Earl Warren
Earl Warren was an American attorney and politician who served as the 30th governor of California from 1943 to 1953, and as the 14th chief justice of the United States from 1953 to 1969. The Warren Court presided over a major shift in American constitutional jurisprudence, which has been recognized by many as a "constitutional revolution" in the liberal direction, with Warren writing the majority opinions in landmark cases such as Brown v. Board of Education, Reynolds v. Sims, Miranda v. Arizona, and Loving v. Virginia. Warren also led the Warren Commission, a presidential commission that investigated the 1963 assassination of President John F. Kennedy. Warren is the last Chief Justice to have served in an elected office before nomination to the Supreme Court, and is generally considered to be one of the most influential Supreme Court justices and political leaders in the history of the United States.

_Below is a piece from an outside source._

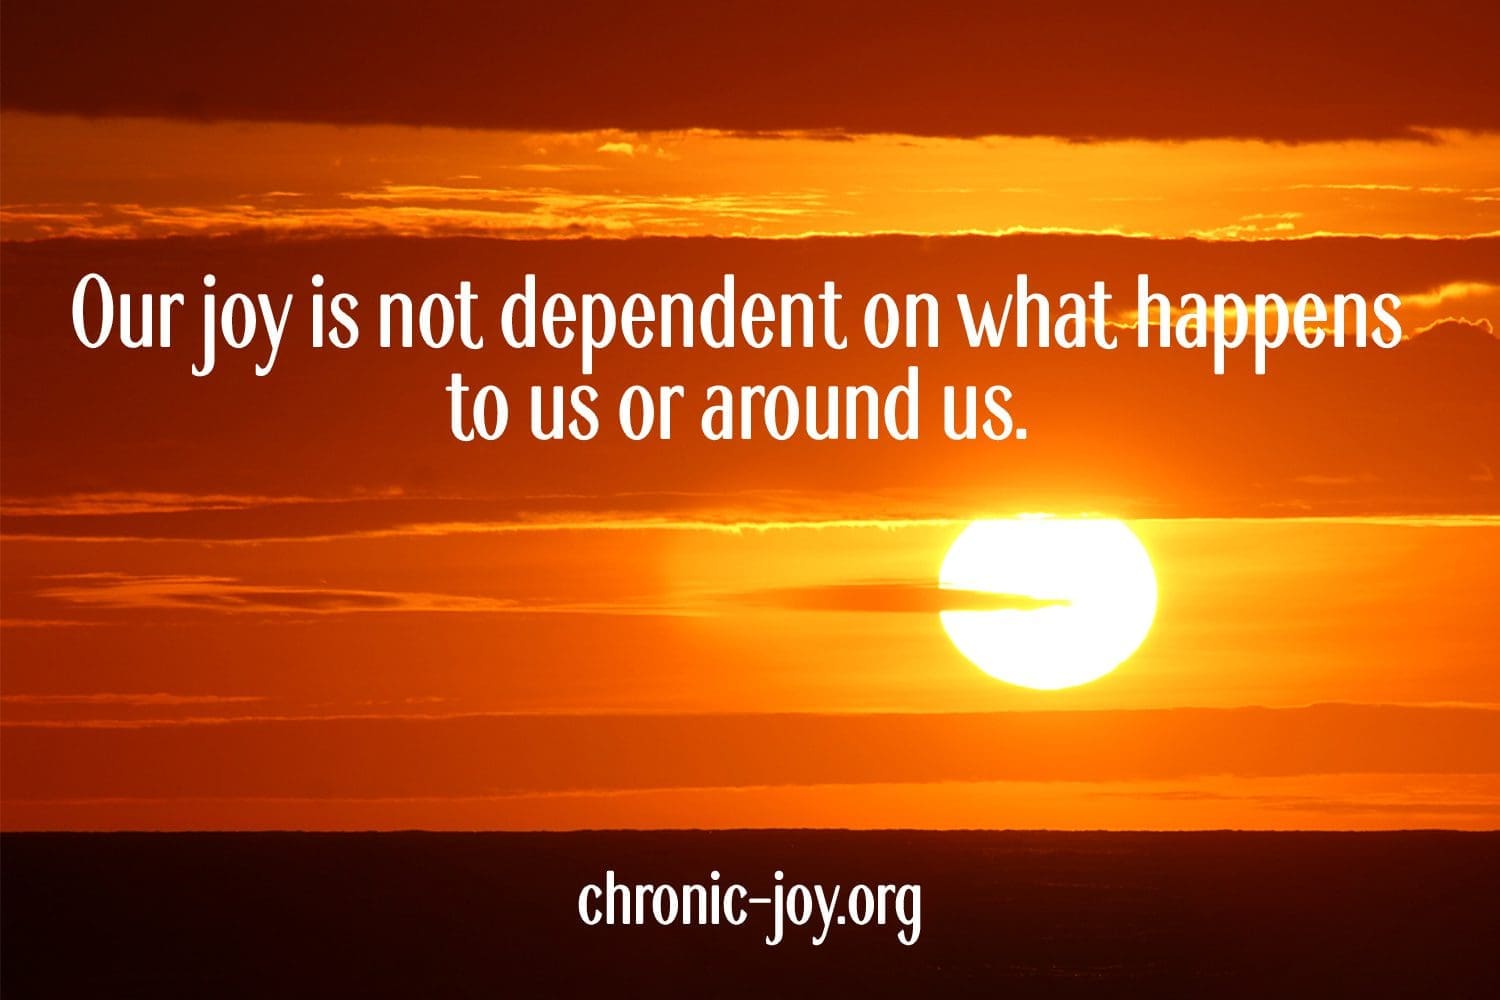 Our joy is not dependent on what happens to us or around us.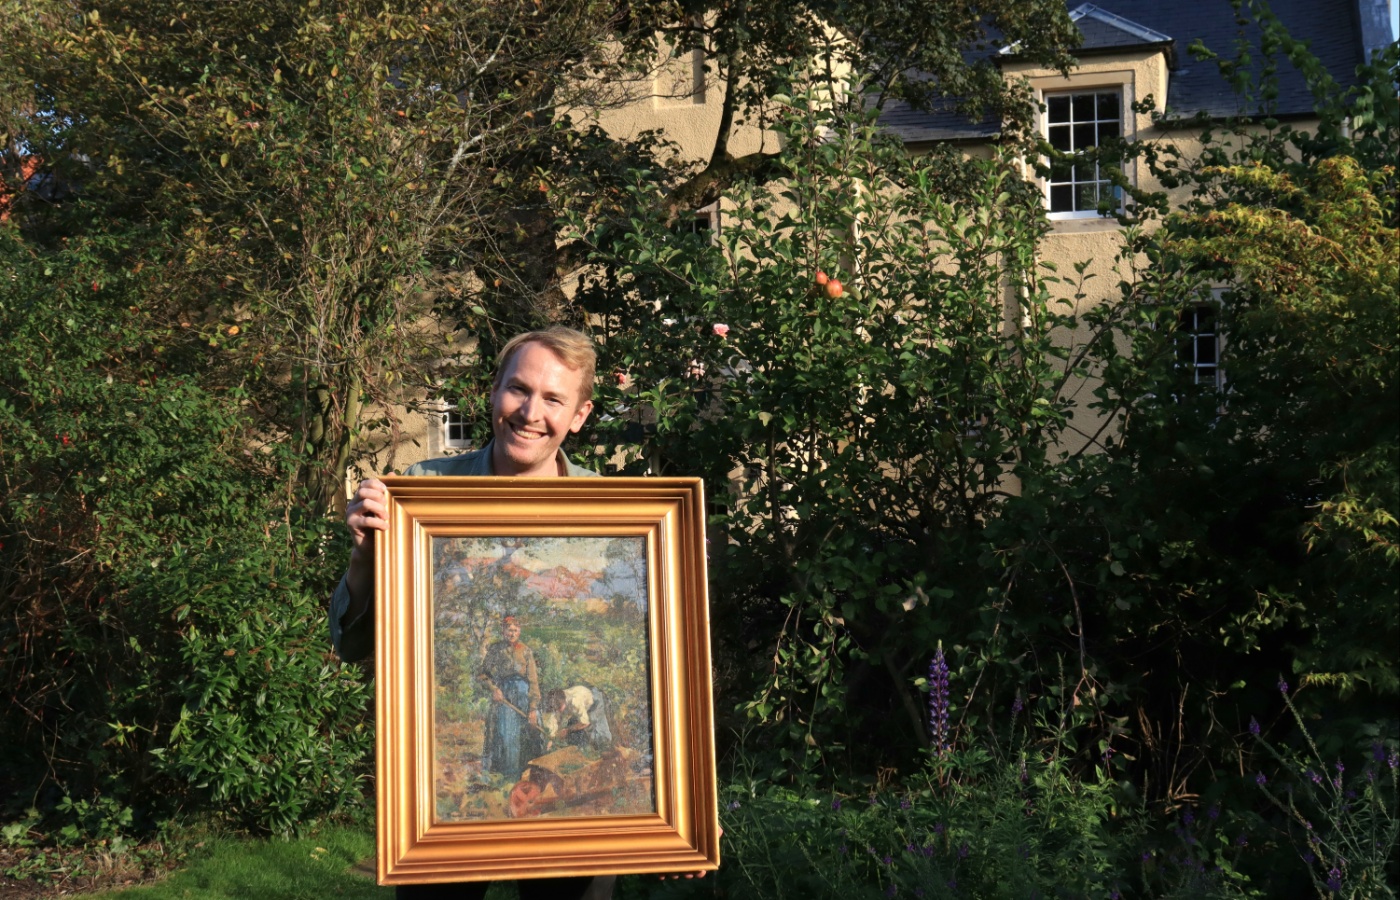 Orchard Croft owner Matt Kirkbride poses with a painting from David Alison in the garden where it was painted.

Warren was born in 1891 in Los Angeles and was raised in Bakersfield, California. After graduating from the University of California, Berkeley, School of Law, he began a legal career in Oakland. He was hired as a deputy district attorney for Alameda County in 1920 and was appointed district attorney in 1925. He emerged as a leader of the state Republican Party and won election as the attorney general of California in 1938. In that position he supported, and was a firm proponent of the forced removal and internment of over 100,000 Japanese Americans during World War II. In the 1942 California gubernatorial election, Warren defeated incumbent Democratic governor Culbert Olson. As the 30th Governor of California, Warren presided over a period of major growth—for the state as well as the nation. Serving from 1943 to 1953, Warren is the only governor of California to be elected for three consecutive terms.
Warren served as Thomas E. Dewey's running mate in the 1948 presidential election, but the ticket lost the election to incumbent president Harry S. Truman and Senator Alben W. Barkley in an election upset. Warren sought the Republican nomination in the 1952 presidential election, but the party nominated General Dwight D. Eisenhower. After Eisenhower won election as president, he appointed Warren as Chief Justice. A series of rulings made by the Warren Court in the 1950s helped lead to the decline of McCarthyism. Warren helped arrange a unanimous decision in Brown v. Board of Education, which ruled that racial segregation in public schools was unconstitutional. After Brown, the Warren Court continued to issue rulings that helped bring an end to the segregationist Jim Crow laws that were prevalent throughout the Southern United States. In Heart of Atlanta Motel, Inc. v. United States, the Court upheld the Civil Rights Act of 1964, a federal law that prohibits racial segregation in public institutions and public accommodations.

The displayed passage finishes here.